What is being asked:
When you transcribe the listing, keep each line exact and drop the pictures.

Information shown:
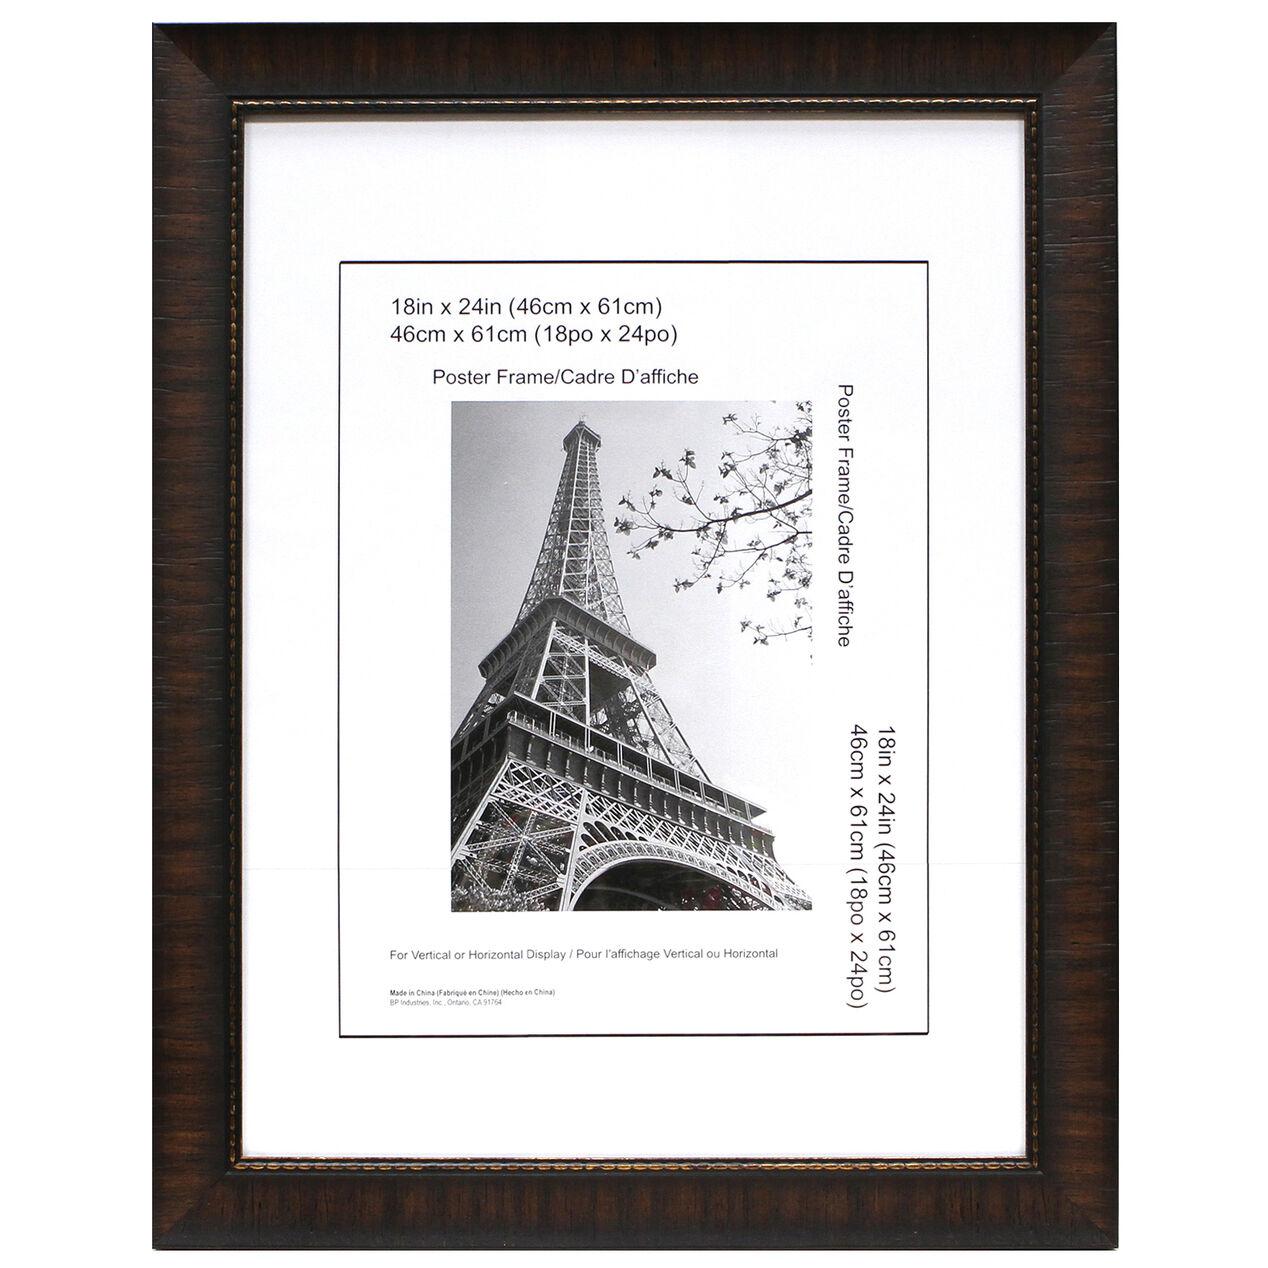 18 x 24 in espresso maria poster frame
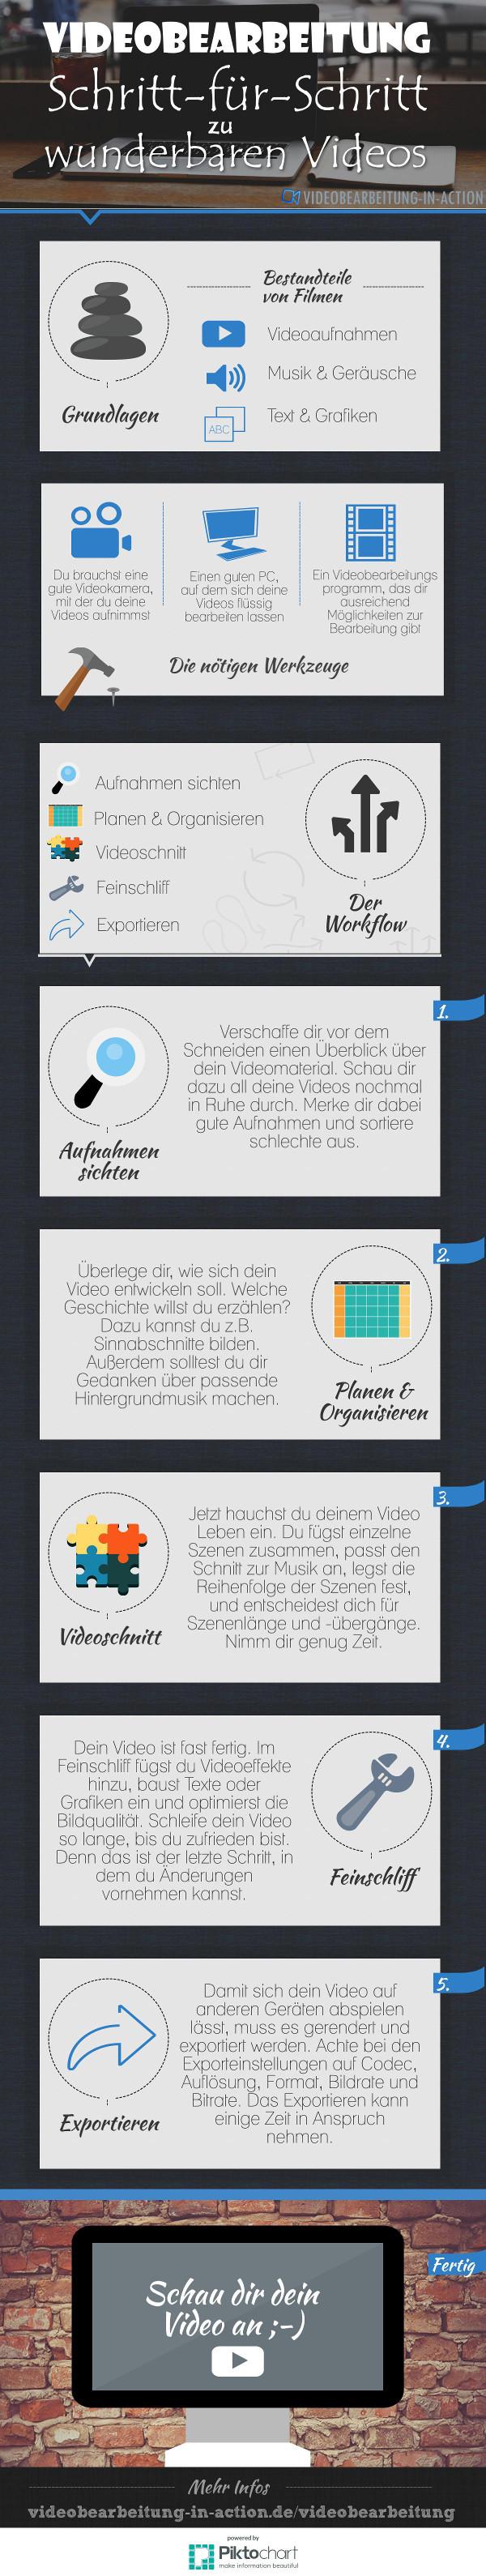 Videobearbeitung Guide
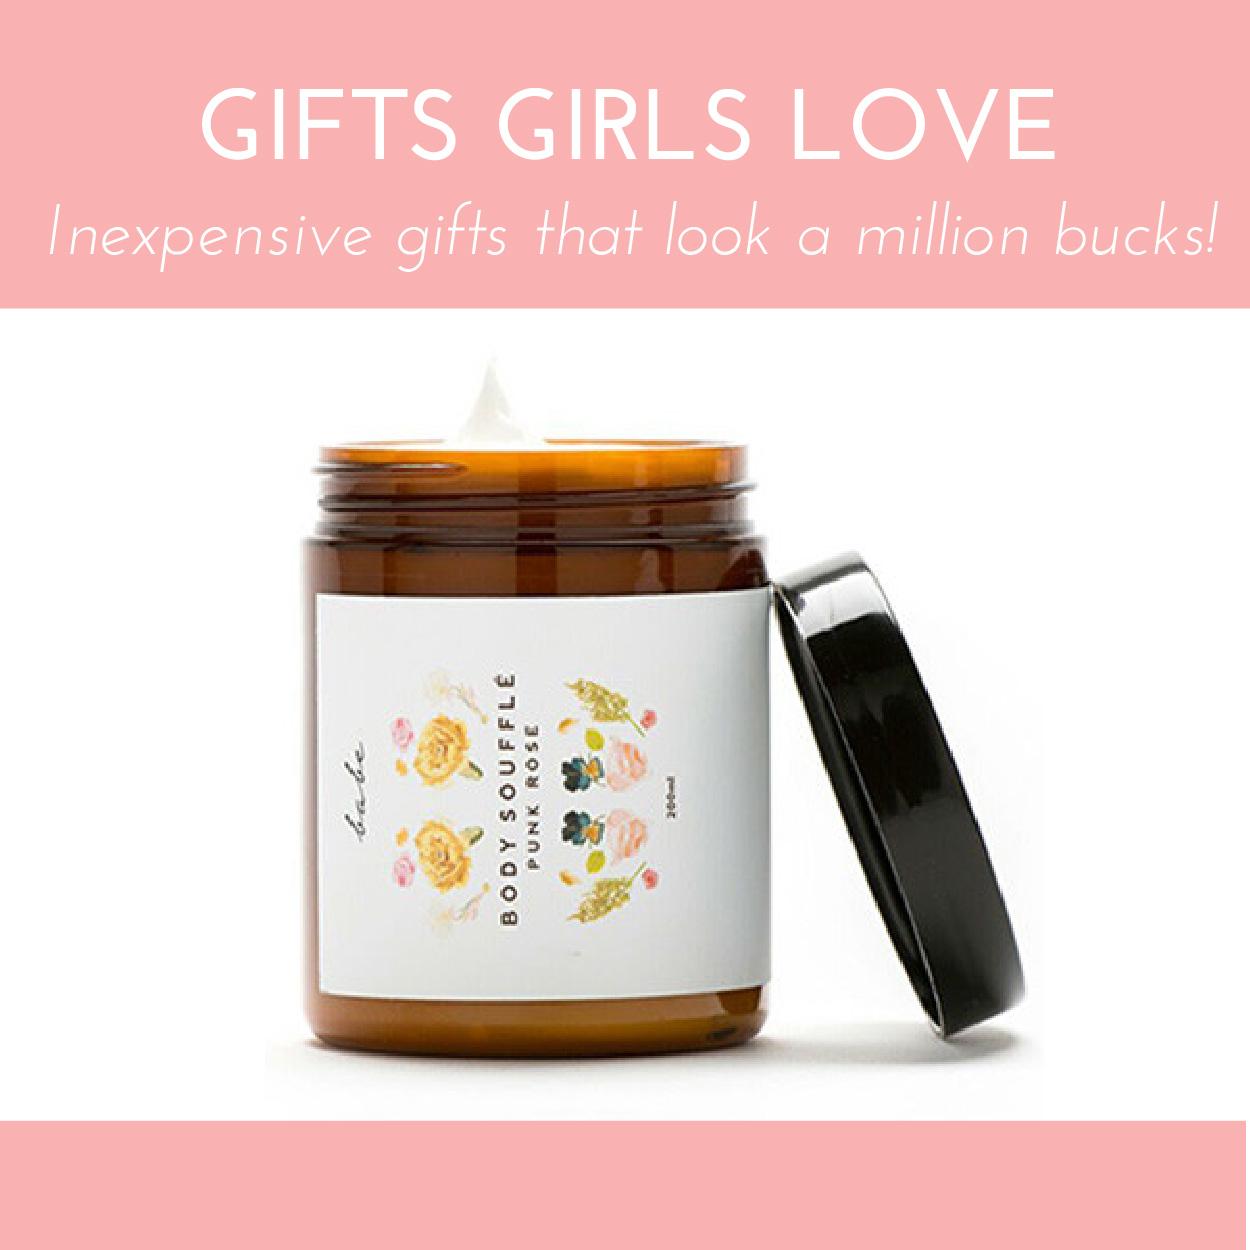 gifts-girls-love-01.jpg

Reply:
 18 x 24 in espresso maria poster frame
 Videobearbeitung Guide
 gifts-girls-love-01.jpg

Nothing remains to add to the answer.